Moreover, it’s not as if it’s not worthwhile to provide the service as the price is not exactly cheap. Like all firms with market power, taxi companies in Thunder Bay charge some pretty steep fees compared to other cities both inside and outside Ontario.  Indeed, in Ontario, Thunder Bay and Sault Ste. Marie generally have some of the highest cab fees. I live near Lakehead University and it is basically a 30-dollar ride to the airport.  A similar distance in Winnipeg can be had for 15-20 dollars while in Toronto, 108 dollars can actually get you from Pearson to downtown Hamilton while about 50 dollars gets you to Oakville.

Taxi service can be considered a partial monopoly by virtue of government franchise as the Police Services Board regulates entry into the industry as well as the fee structure.   Like many other cities, taxis in Thunder Bay face regulations regarding airport service that limit the amount of competition allowed. While all companies can drop off, one company has a monopoly on airport pickups and others are allowed to pick up only if a cab from the dominant provider is not there to provide the service.  In essence, one company has a degree of monopoly power over airport pick-up service.  I guess I don’t have a problem per se with monopoly though I would prefer more competition and lower prices.  We all have to make a living and if you can get yourself a monopoly or some kind of market power that can boost your price or income well then bully for you.

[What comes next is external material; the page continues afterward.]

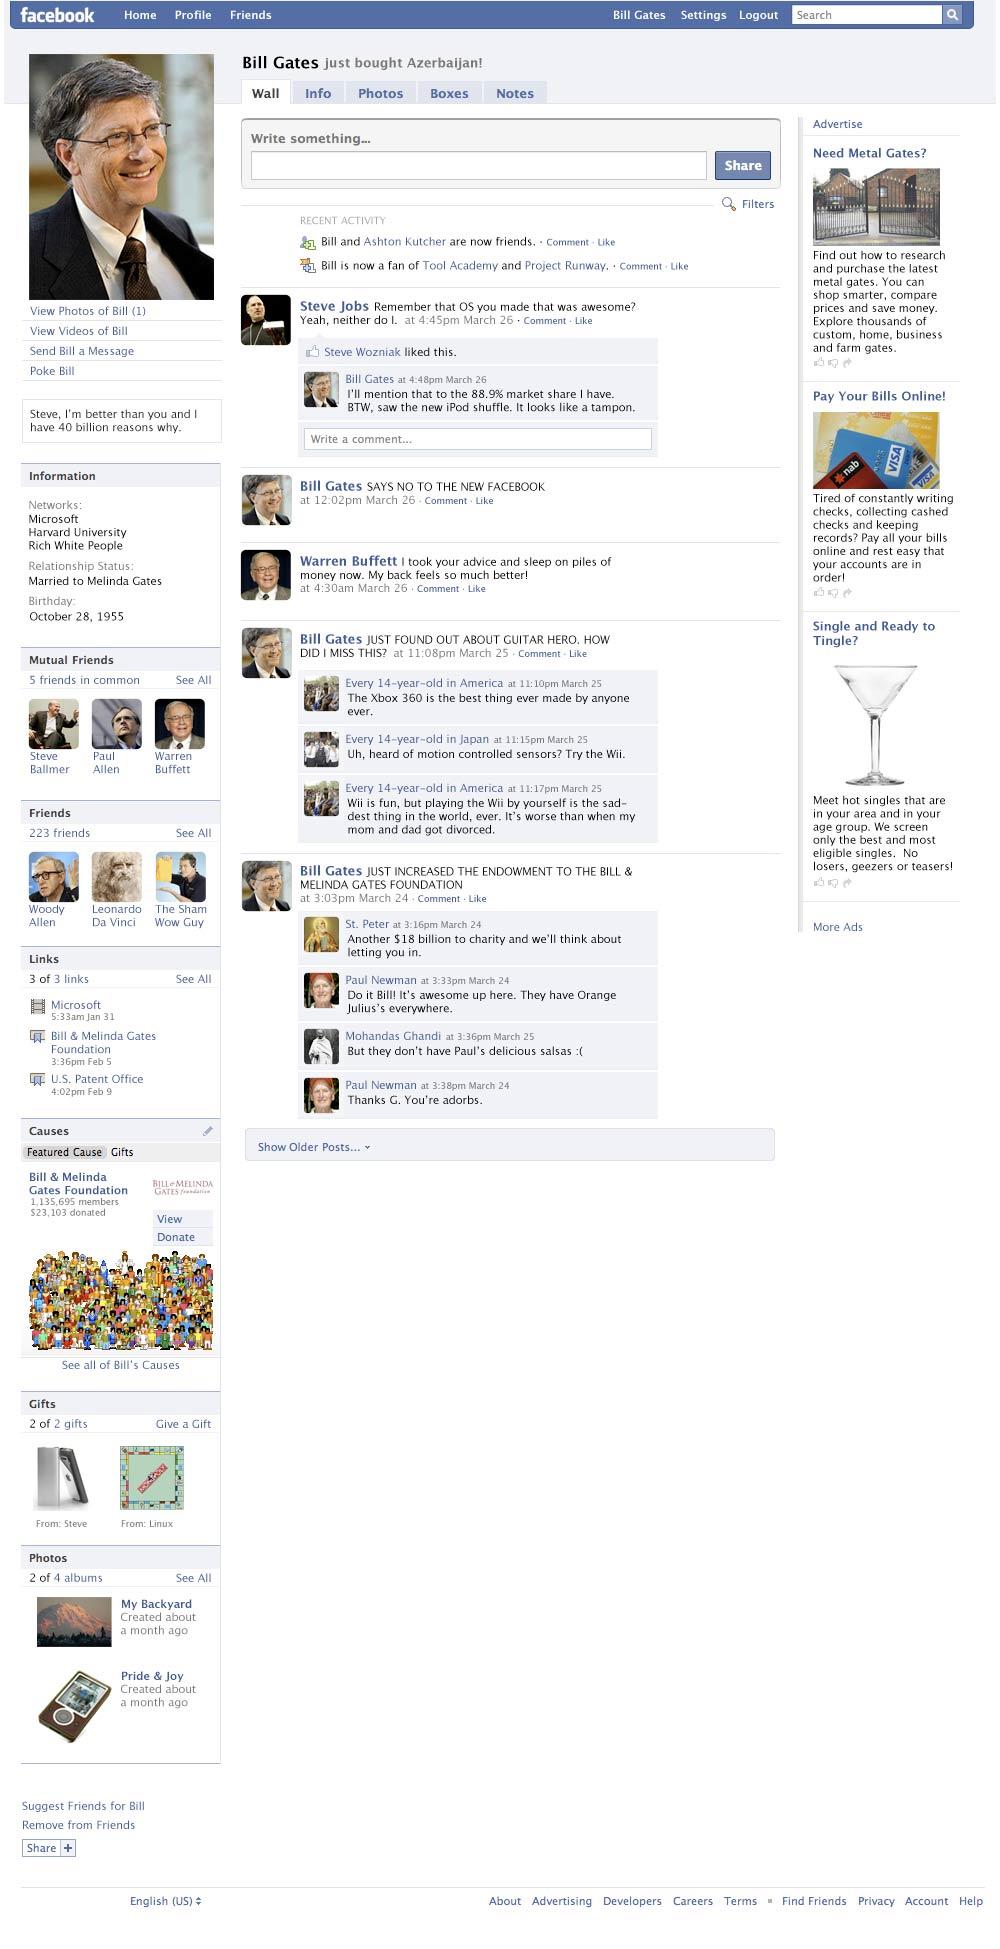 Bill Gates' Facebook Profile

What is odd about the Thunder Bay Airport taxi situation is that the company with the exclusive rights does not seem able to meet demand.  By not having enough cabs at periods of peak demand, it is actually foregoing revenue while at the same time preventing entry by virtue of its government franchise.  The point of having a monopoly is being able to generate monopoly profits!  In the case of Thunder Bay’s airport taxi service, one cannot help but hypothesize that a reason for the high fees is simply to maintain a target income flow while reducing operating costs and service.  If business drops because of the poor service, simply petition for an increase in rates to make up for the business drop.  The only beneficiaries from this type of oddball business practice are probably the airport parking authority and the car rental companies.  More competition and lower prices in the airport taxi business would probably force them to lower their fees too.

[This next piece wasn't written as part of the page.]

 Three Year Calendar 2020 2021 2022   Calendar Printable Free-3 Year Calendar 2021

Apparently, the Police Services Board in Thunder Bay has hired a consultant to study taxi bylaws and fees. (Taxi bylaws to come under review) One would hope that a result of this review would at least be a move to greater taxi capacity at the airport during periods of peak demand.  After all, the first impression on visitors and business people arriving in Thunder Bay for the first time and trying to get somewhere is not great.  High prices and fast, efficient service is acceptable but high prices with slow, inefficient service is definitely bush league.